§ **WHAT YOU WILL DO**:
Here, set down only the lines between the line that contains "Bán nhà hẻm" and the final line of the material, both included, exactly as written. Skip the pictures.

§ **STORED DATA**:
━━━━━━━━━━━━━━━━━━━━
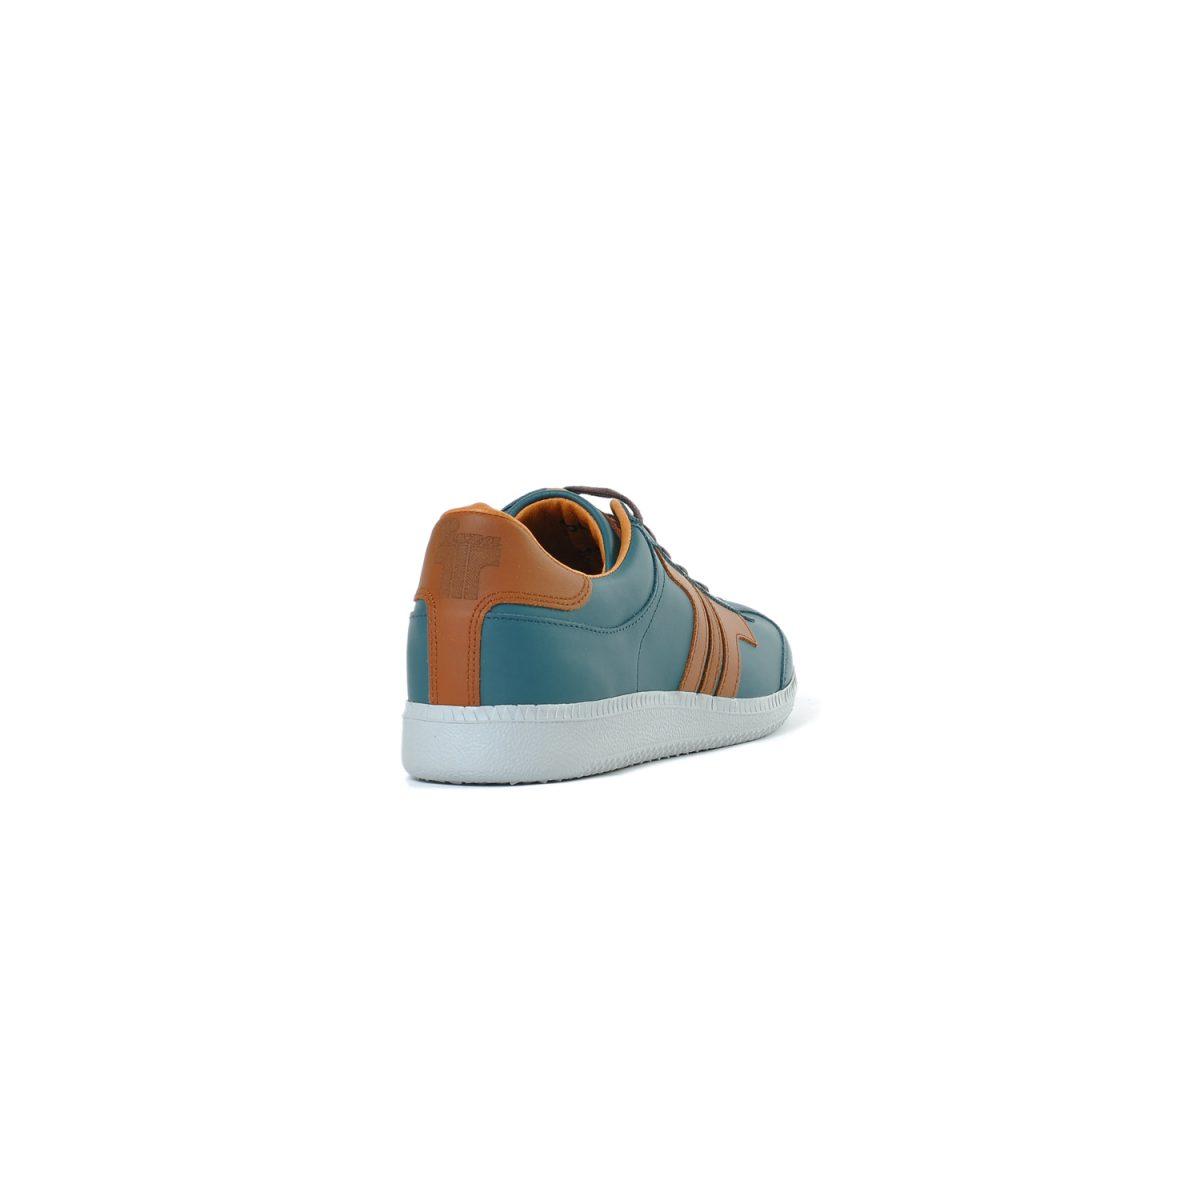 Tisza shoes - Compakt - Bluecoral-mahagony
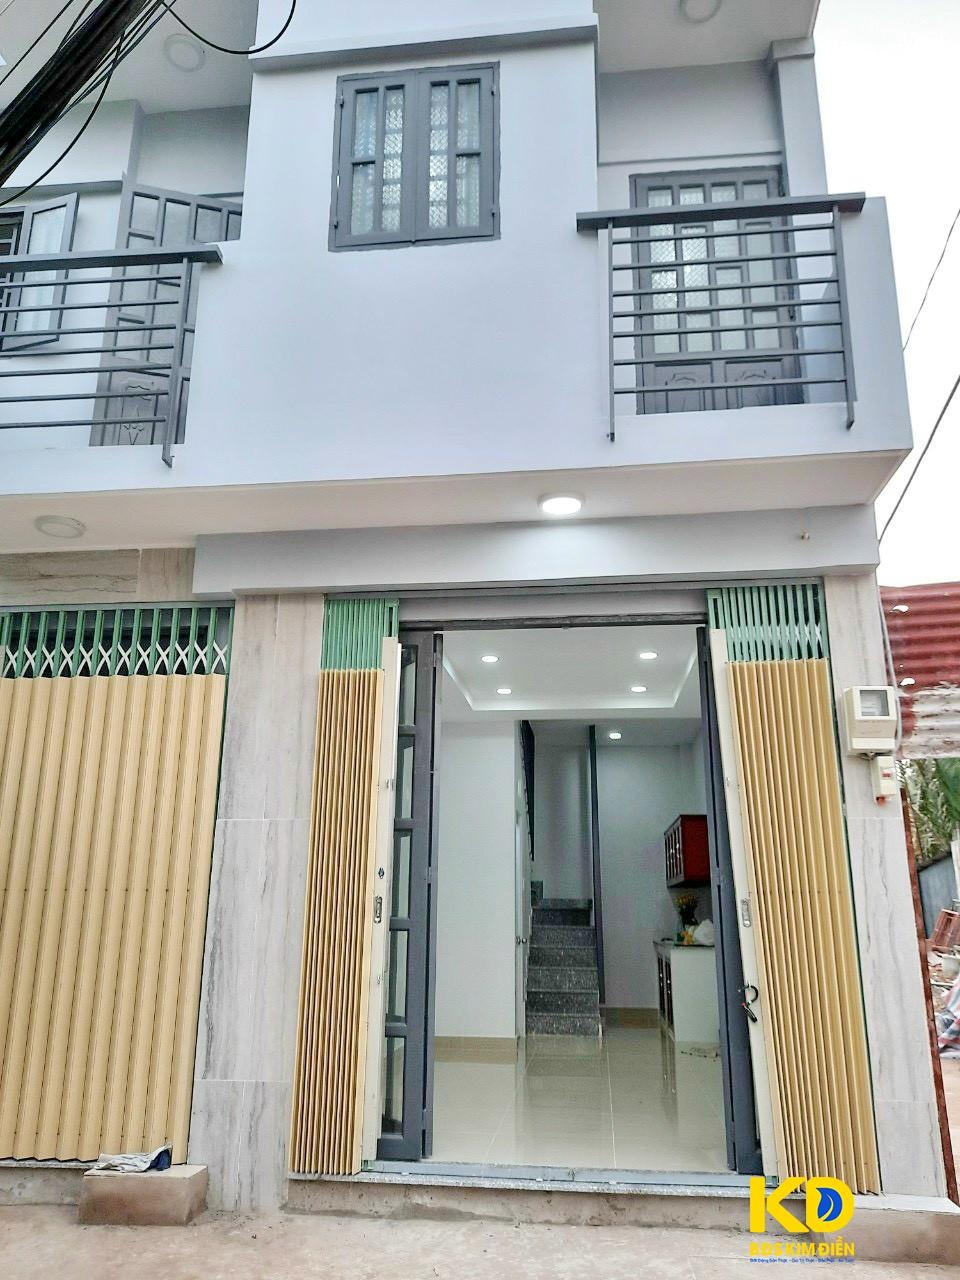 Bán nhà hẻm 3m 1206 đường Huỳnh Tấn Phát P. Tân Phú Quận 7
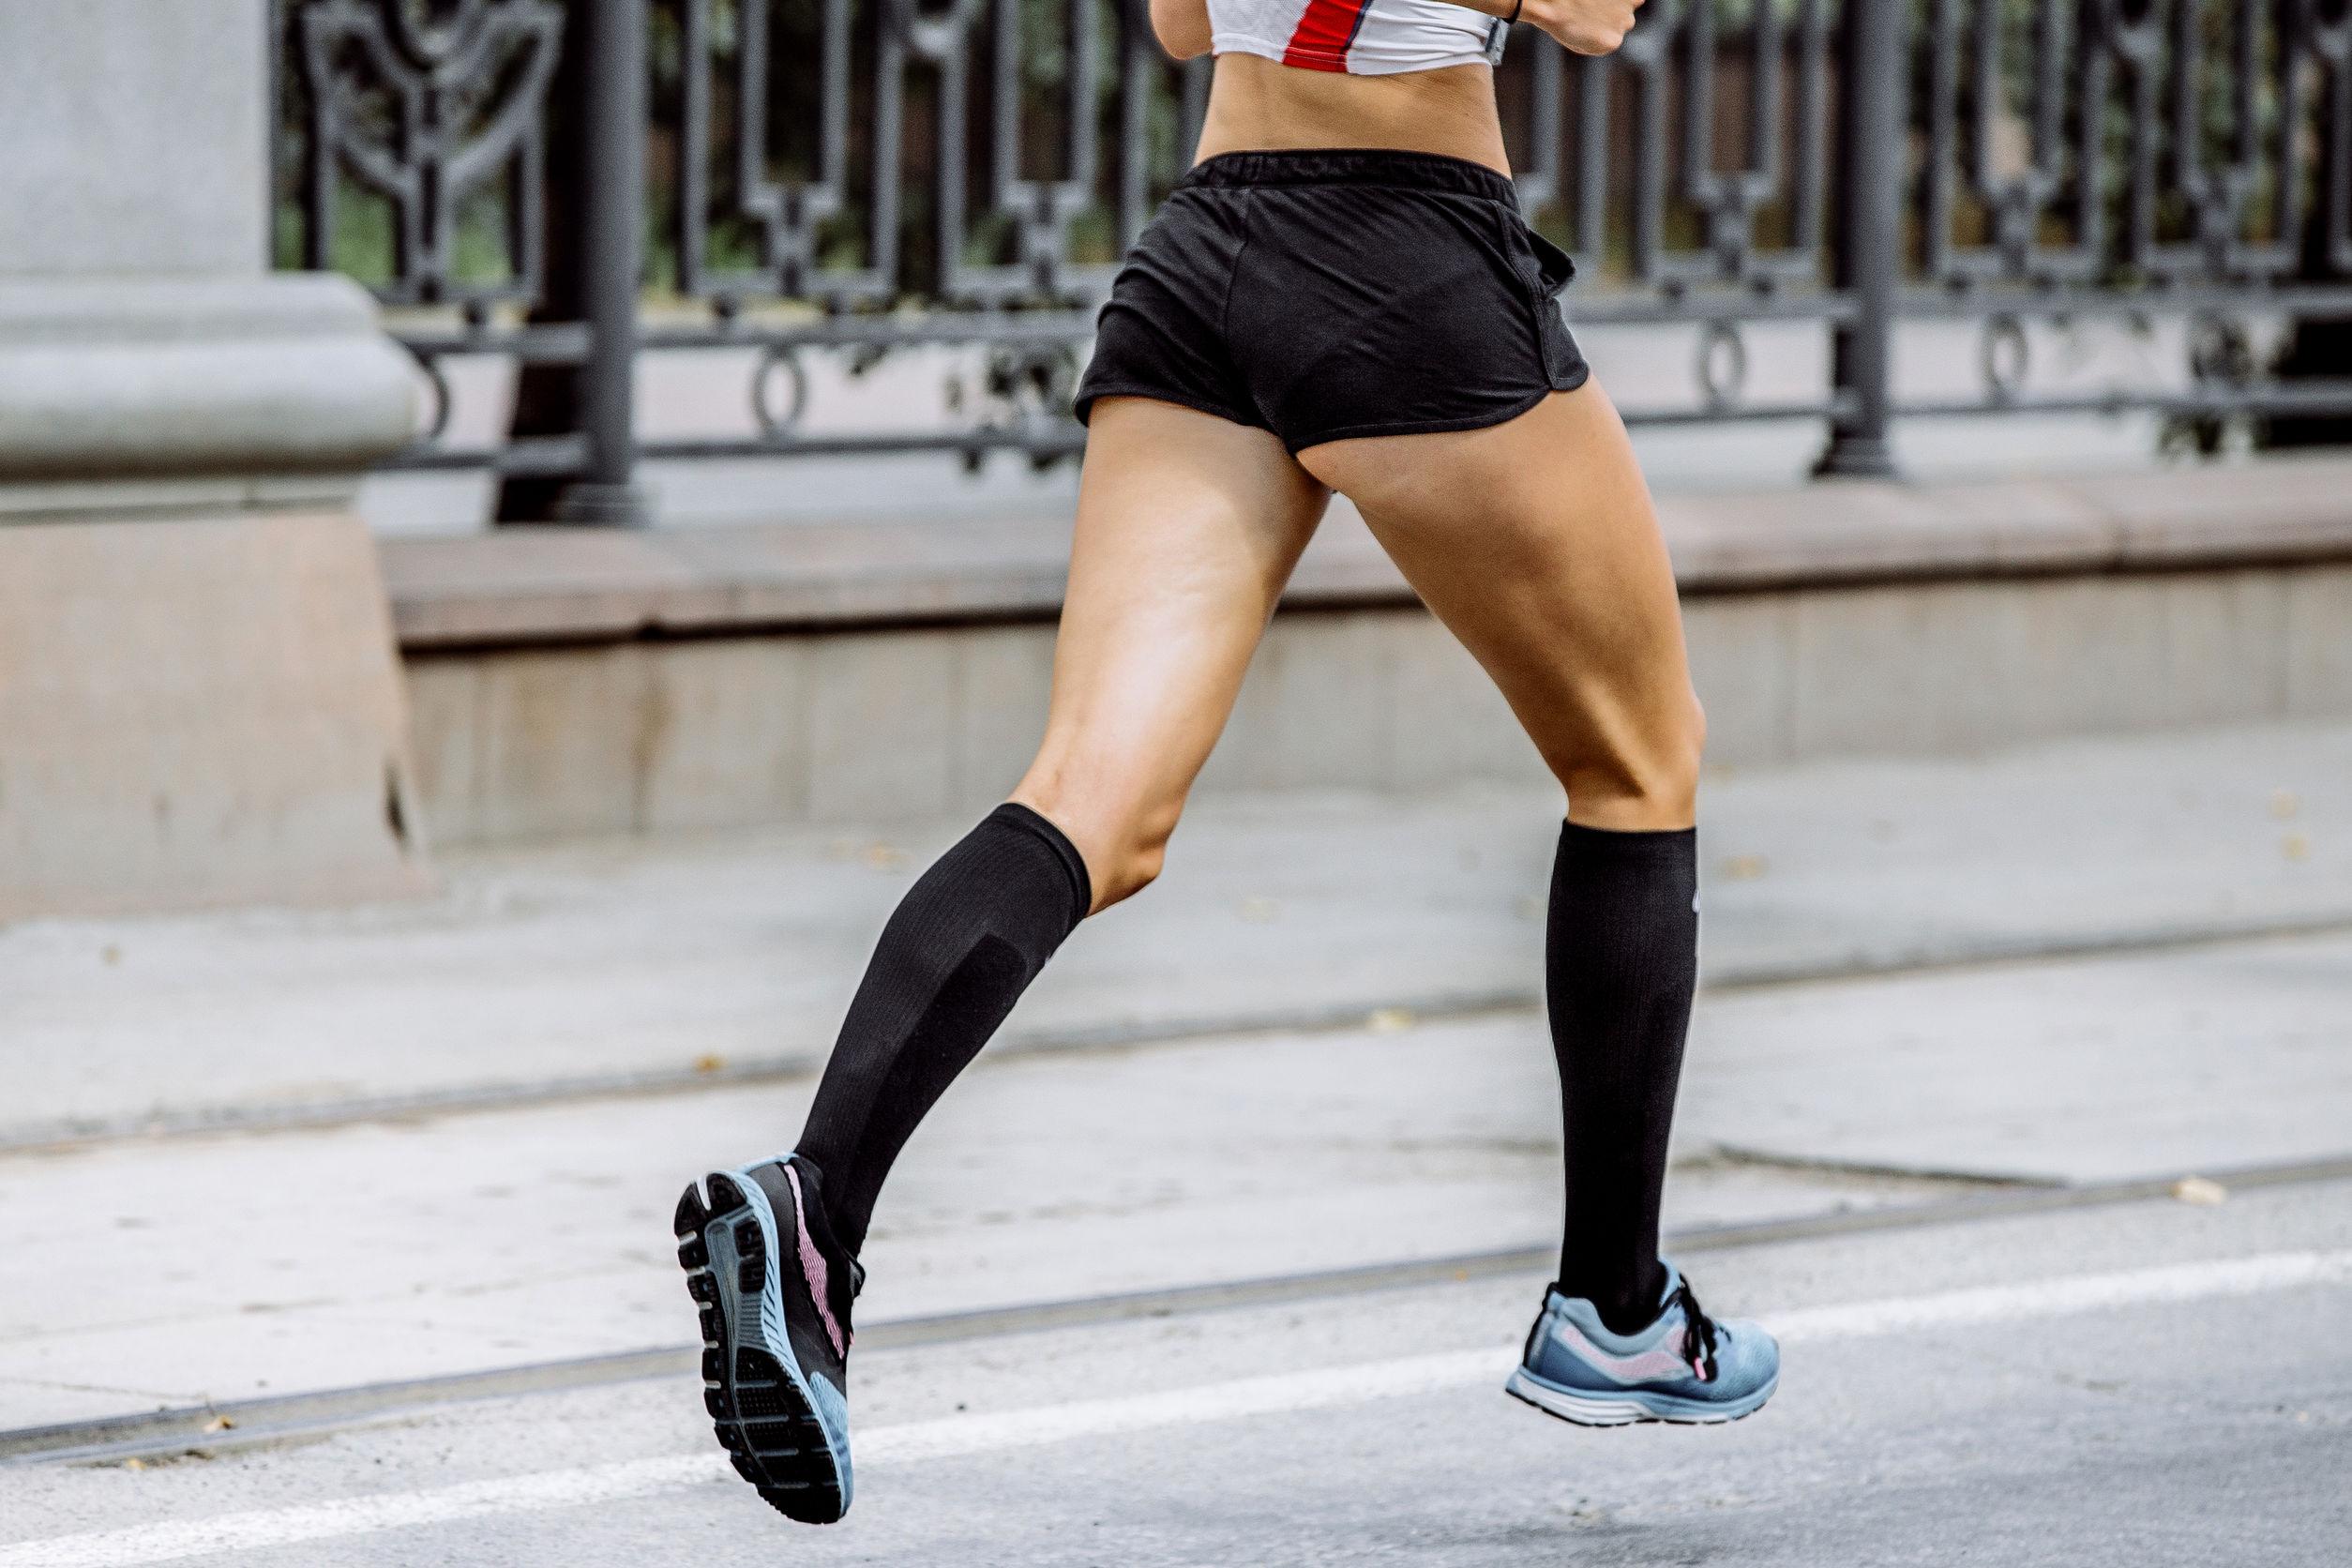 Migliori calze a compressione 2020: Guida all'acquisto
━━━━━━━━━━━━━━━━━━━━
§ **SOLVED EXERCISE**:
 Bán nhà hẻm 3m 1206 đường Huỳnh Tấn Phát P. Tân Phú Quận 7
 Migliori calze a compressione 2020: Guida all'acquisto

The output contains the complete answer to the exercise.